Re: btrfs balance: Kernel BUG

2015-12-05 Thread Wolfgang Rohdewald
Am Samstag, 5. Dezember 2015, 10:58:44 schrieb Holger Hoffstätte:
> Please see: http://www.spinics.net/lists/linux-btrfs/msg49766.html
> 
> You should be able to apply those patches manually (assuming you can/want to 
> rebuild).
> 

are my data safe if I just wait for a fixed official kernel and do not
balance until then?

-- 
Wolfgang
--
To unsubscribe from this list: send the line "unsubscribe linux-btrfs" in
the body of a message to majord...@vger.kernel.org
More majordomo info at  http://vger.kernel.org/majordomo-info.html


Re: btrfs balance: Kernel BUG

2015-12-05 Thread Holger Hoffstätte
On 12/05/15 11:04, Wolfgang Rohdewald wrote:
> Am Samstag, 5. Dezember 2015, 10:58:44 schrieb Holger Hoffstätte:
>> Please see: http://www.spinics.net/lists/linux-btrfs/msg49766.html
>>
>> You should be able to apply those patches manually (assuming you can/want to 
>> rebuild).
> 
> are my data safe if I just wait for a fixed official kernel and do not
> balance until then?

This is not directly caused by balance, so it's possible to triger it also
during normal operation. Another option would be to revert to 4.1.13 for the
time being.

-h

--
To unsubscribe from this list: send the line "unsubscribe linux-btrfs" in
the body of a message to majord...@vger.kernel.org
More majordomo info at  http://vger.kernel.org/majordomo-info.html


Re: attacking btrfs filesystems via UUID collisions? (was: Subvolume UUID, data corruption?)

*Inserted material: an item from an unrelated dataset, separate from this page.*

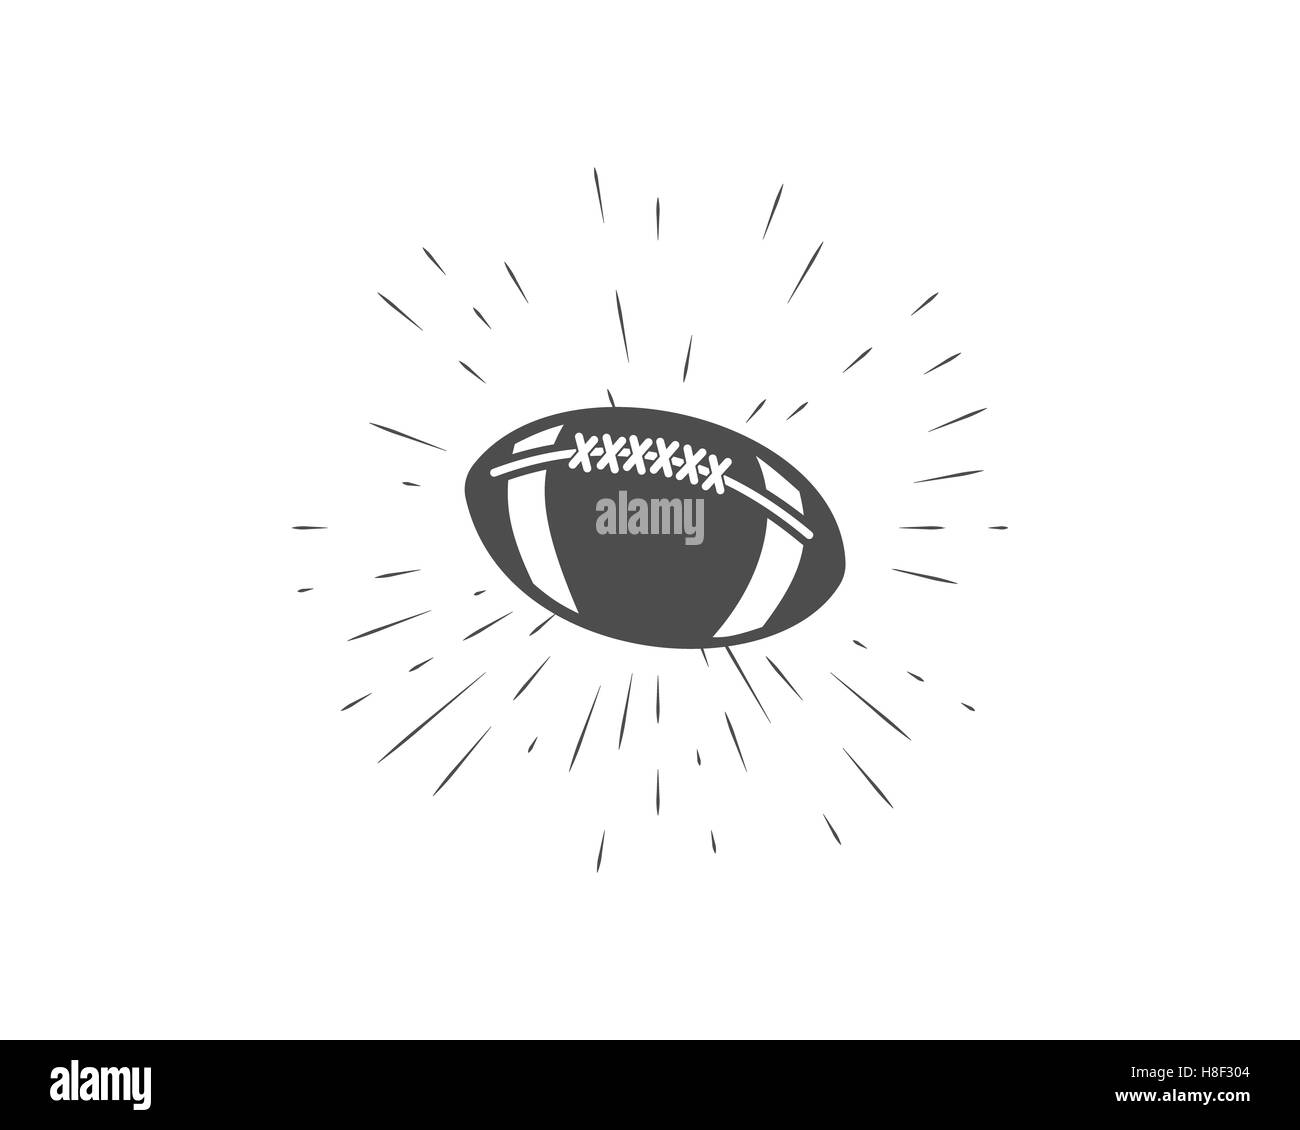 American Vintage etiqueta de fútbol y rugby, emblema y diseño de logotipo  con sunburst elemento. Dibujados a mano de estilo monocromo con balón.  Deportes de EE.UU. Símbolo de identidad ilustración Fotografía de

2015-12-05 Thread Christoph Anton Mitterer
On Sat, 2015-12-05 at 13:19 +, Duncan wrote:
> The problem with btrfs is that because (unlike traditional
> filesystems) 
> it's multi-device, it needs some way to identify what devices belong
> to a 
> particular filesystem.
Sure, but that applies to lvm, or MD as well... and I wouldn't know of
any random corruption issues there.


> And UUID is, by definition and expansion, Universally Unique ID.
Nitpicking doesn't help here,... reality is they're not,.. either by
people doing stuff like dd, other forms of clones, LVM, etc. ... or as
I've described maliciously.


> Btrfs 
> simply depends on it being what it says on the the tin, universally 
> unique, to ID the components of the filesystem and assemble them 
> correctly.
Admittedly, I'm not an expert to the internals of btrfs, but it seems
other multi-device containers can handle UUID duplicates fine, or at
least so that you don't get any data corruption (or leaks).

This is a showstopper - maybe not under lab conditions but surely under
real world scenarios.
I'm actually quite surprised that no-one else didn't complain about
that before, given how long btrfs exists.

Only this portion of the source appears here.